第7話 大気圏外戦闘 観測例02

 幾度目かの新生児の誕生。そして、欠損の報告。

 それがキッカケであった。


「我々は、旅を続けるべきではない!」


 声の主は第二世代の青年。

 この造り物の大地で生まれ、造り物の世界で育った青年。


「地球には豊かな文化があった。豊かな資源があった。

 僕はそれを知らない! その残りカスだけをすすって生きていかなきゃいけない!

 次の世代に繋ぐためだに生きて死ねって、そう言われて来た!」


 続いて従ったの、地球生まれの老人であった。


「私たちはいい、自分たちで覚悟してこの船に乗り込んだ。

 けれど、この船で生まれた子供たちに選択権はない。

 小さな世界で役割だけを与えられて、星を見ずに死んで行く。

 そんなのが許されるのか? 生まれてくる生命に後の世代のために全てを捧げろと強要するのか。

 私たち親に、そんな子供を遺して死ねと言うのか?」


 掲げだのは武器とも言えないただの鉄の棒。けれど、従う人の数は少なくない。

 ナンムが熱源を確認した時には船内の人員の七割が敵であると判定された。


 怒号で船が揺れる。

 隔壁を乱暴にこじ開けようと打撃音が響き渡る。

 ナンムはどうするべきか迷った。


 ジウスドラの閉鎖区画には、戦闘用のドローンが残されている。

 地球教のテロから危機感を覚えたキャプテンが用意したものだ。それらを動かせば武装した市民は一瞬で鎮圧出来るだろう。

 だが、それを赦せるのか。


「判定をお願いします。

 暴徒でありますが、彼らは私やキャプテンが送り届けると誓った市民です。

 彼らに、発砲をして良いのでしょうか」


 管制室のスタッフは戸惑い震えるだけ。指示をしてくれる人間は居ない。

 ナンムはどうするべきか判断できない。

 現実逃避のように、船内の情報を収集する。


 破損し、機能が低下していく循環機能。

 暴走に加わらず、家で震えている市民。


 そして、震えている子供。

 声も出せずに、目の前の状況に何もすることも出来ない非力な存在がいる。


 誰が彼らを守るのか。

 誰が助けを欲しているのか。


「――攻撃を開始します」


 AIは決断した。

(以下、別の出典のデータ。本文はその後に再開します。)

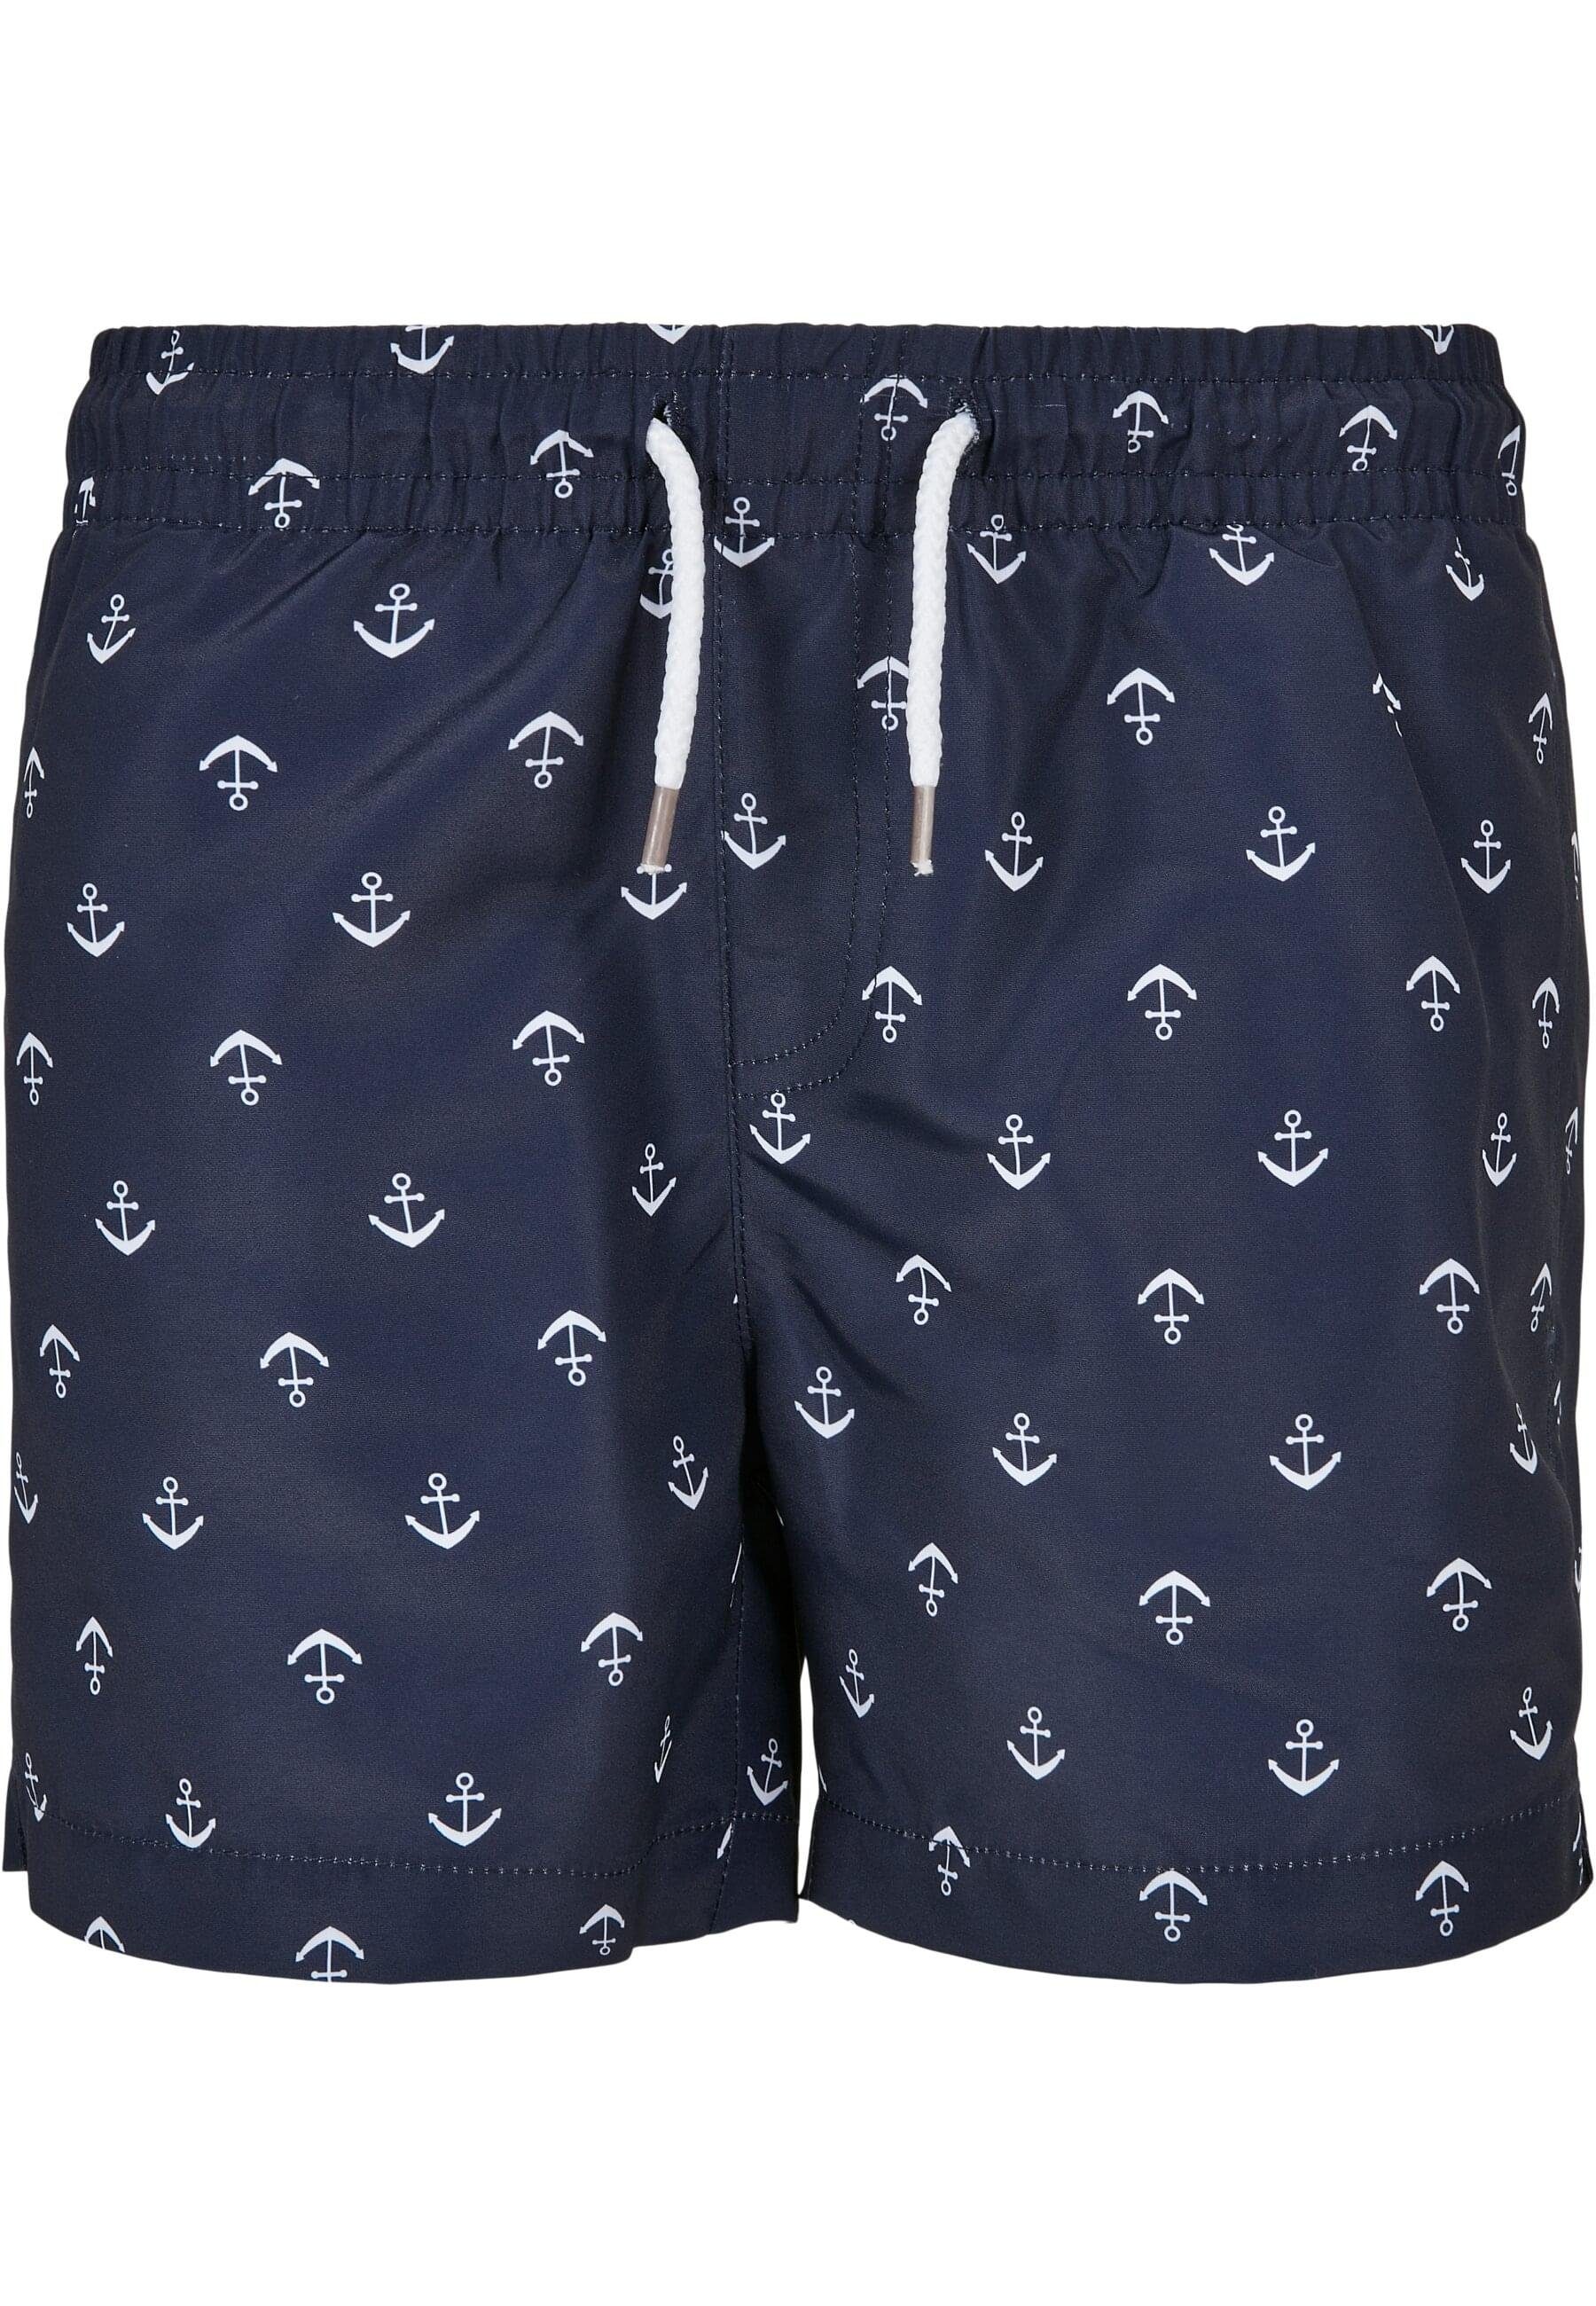 URBAN CLASSICS Badeshorts Boys Swim Herren anchor/navy Pattern Shorts
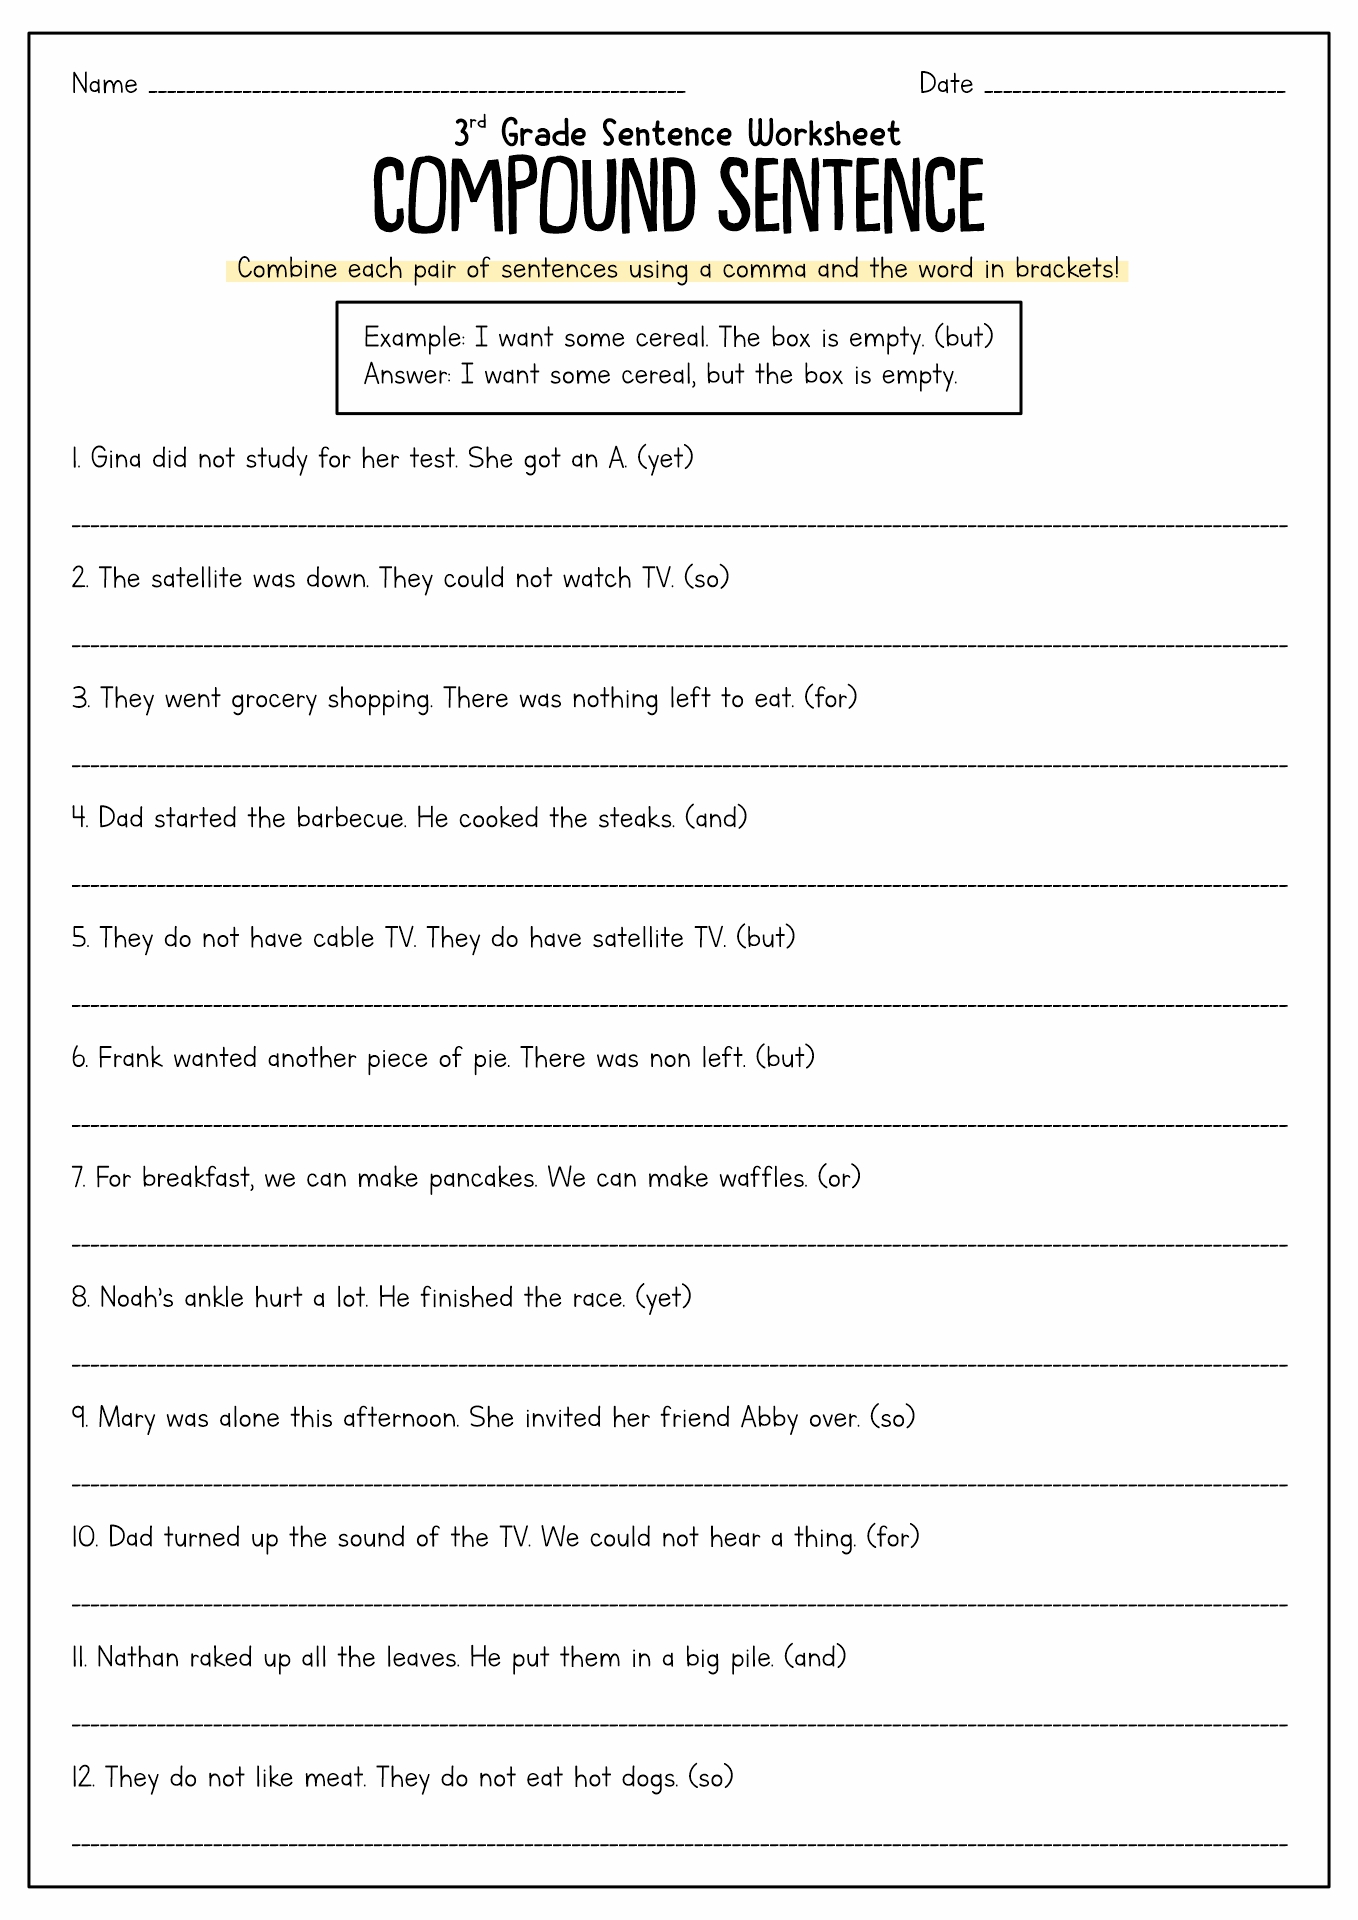 compound-sentences-worksheet-2nd-grade

箱舟の流血を強いることを。


◆◆◆


 暴動による影響はジウスドラに少なくない被害を与えた。

 鎮圧のために直接命を落とした人間はもとより、悲観的な感情が船の中に伝播し始めたのだ。

 結果、自殺者が相次ぐ。


 ジウスドラの住民には『自殺する権利』が与えられている。

 住民には一人一人苦しまずに死ねる薬が与えられ、その服用は個人の自由に任されている。


 ようやく船が落ち着いたころには、人口は出発時の1割にも満たなかった。

 そうなると、船内の維持をすることも難しい。


「提案します。ドローンに自律型AIを付与してオートマトンとして艦内の保守を任せたい」


 ナンムの提案に異を唱える人間は居なかった。